• Richard Hughes

Diana: 22 Years Later

Updated: Sep 10

The 31st of August, 1997. It was a sunny Sunday morning, glorious in fact, the summer not yet over. I had just stumbled down to breakfast at my parents' where I had been spending the weekend.

‘They’ve killed her,’ said my Mum, turning from the old black and whilte TV we had in the kitchen.

On the screen, images of Princess Diana, reports of a car crash in Paris. Three dead; the paparazzi implicated. Like a pack of wolves now sheepish. No seat belts, no hope of surviving the crumpled wreckage of that one.

What followed is now all too familiar: The funeral, the teenage William and Harry behind the cortege, the ocean of flowers at Kensington Palace and an outpouring of grief for a Mother and Princess; for someone we thought we knew so well but of course we did not. For someone whose life resonated, for our own losses, for all that had been suppressed for so long. Something changed that day and as a nation, we began to talk. We began to feel. The British stiff upper lip trembled, we would never be the same again.

For many years after that fateful day, Diana's presence was everywhere; her image not far from front cover of the tabloids. I remember a friend saying that their 5-year-old daughter had been in tears because ‘the beautiful princess had just died’; she was talking about Diana who had been dead for more than a decade. And then she was gone, her mischevious smile replaced by endless Z-list celebrity social media updates; her legacy hazy, disputed and relegated to that of 'fashion icon'. I still find it fascinating that some young adults have no idea who Diana was; born after she died, she means nothing to them.

Diana was an archetypal character. From Greek myths to German fairytales and Hollywood movies, there has always been a young girl who beats the odds to become a princess.

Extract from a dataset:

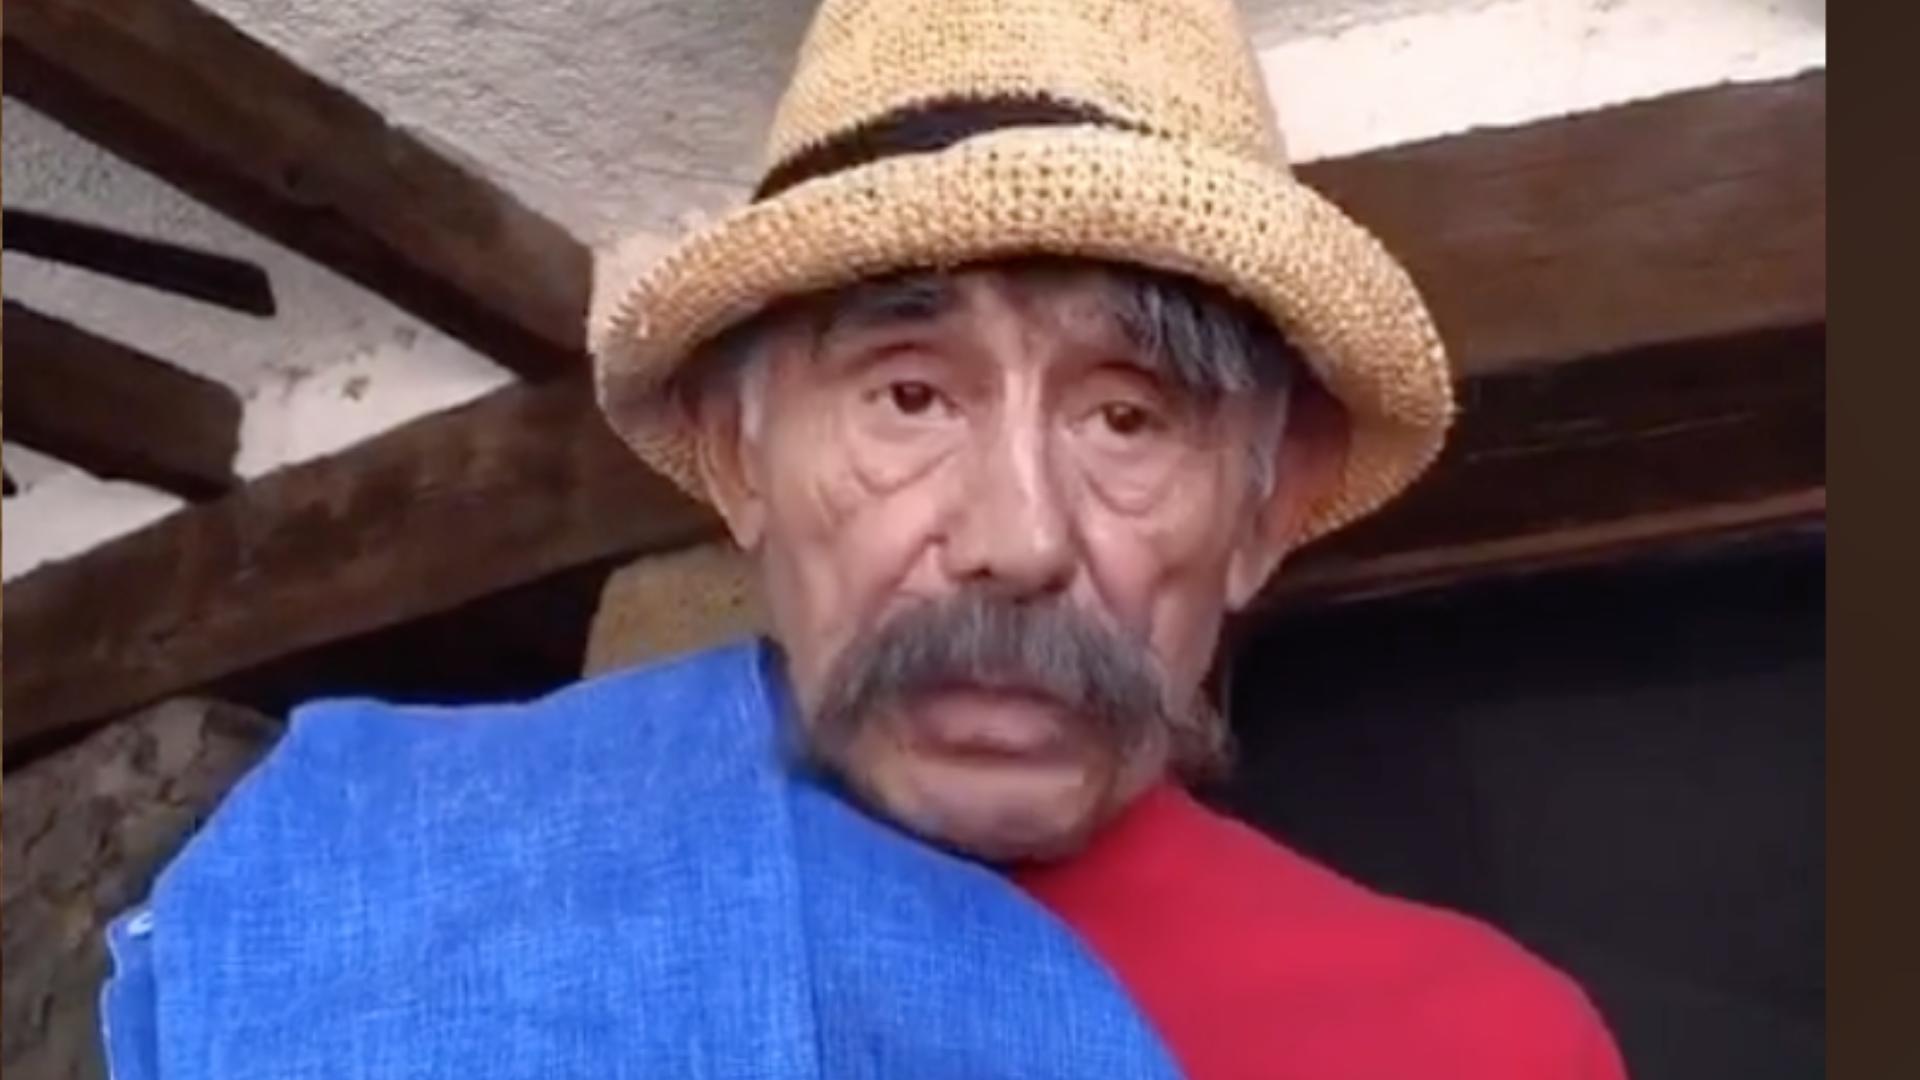 El último TikTok de Héctor Suárez en compañía de su hijo

Whilst her namesake was a ‘virgin’ warrior goddess, Diana was perhaps more a ‘Persephone’, fragile, charming, seducing and manipulating in her willingness to please others, accepting of all the projections of how a princess should be, at least to begin with as she walked down the aisle of St Paul’s Cathedral towards her waiting, indifferent Prince.

In Greek mythology, Persephone is the daughter of Zeus and Demeter. Having been abducted by Hades, Lord of the Underworld, the Gods of Olympus try hard to rescue her but because she has tasted food of the underworld, she is obliged to spend a third of the year (the winter months) there.

Women whose personalties are shaped by this archetype may seem almost ‘childlike’ and innocent, they often draw out the 'rescuer' in us. But as they grow and flourish, often through adversity, the ‘naive’ discards the system that may have nurtured them, to build their own independent lives. Other such ‘Persephone’ characters include: Eliza Doolittle in My Fair Lady and Clarice Starling in Silence of the Lambs. I have always been curious about what would have happened to Cinderella had the next chapter of her life been told. Because as with all fairytales, the real story starts with happily ever after.

Diana foresaw this when she was interviewed by Martin Bashir in 1995:

‘I think every strong woman in history has had to walk down a similar path, and I think it is that strength that causes the confusion and the fear. Why is she strong? Where does she get it from? Where is she taking it? Where is she going to use it?’


Diana had her detractors but I was never one of them. Who did she represent for me? The older sibling I never had perhaps? Growing up in the 70s things could be a bit grim; power cuts, garbage piling up in the streets, dreary politicians - always outraged men - and the smell of Rothmans cigarettes, halitosis and Old Spice. And then suddenly there was Diana, that blonde sweep of hair, the blue eye shadow which matched her engagement outfit. I was 10-years-old. Of course, there was Farrah Fawcett and Agnetha from ABBA, but Diana was different, she was like someone you knew, maybe a fun babysitter or friend's cool older sister. But perhaps most of all, she represented a part of me: the innocent child who sees everything from beneath the fringe - watching, learning, taking it all in - the outsider. On an unconscious level this spoke to me as a child. In Diana I saw a kindred spirit.

She was paradoxical: vulnerable yet powerful, manipulative yet the victim. This was a woman who found her strength through her wounds. She held people dying of AIDS at a time when there was talk of putting gay men in isolation camps. She understood abandonment, loneliness and psychological exile. As she said:

“there's no better way to dismantle a personality than to isolate it.”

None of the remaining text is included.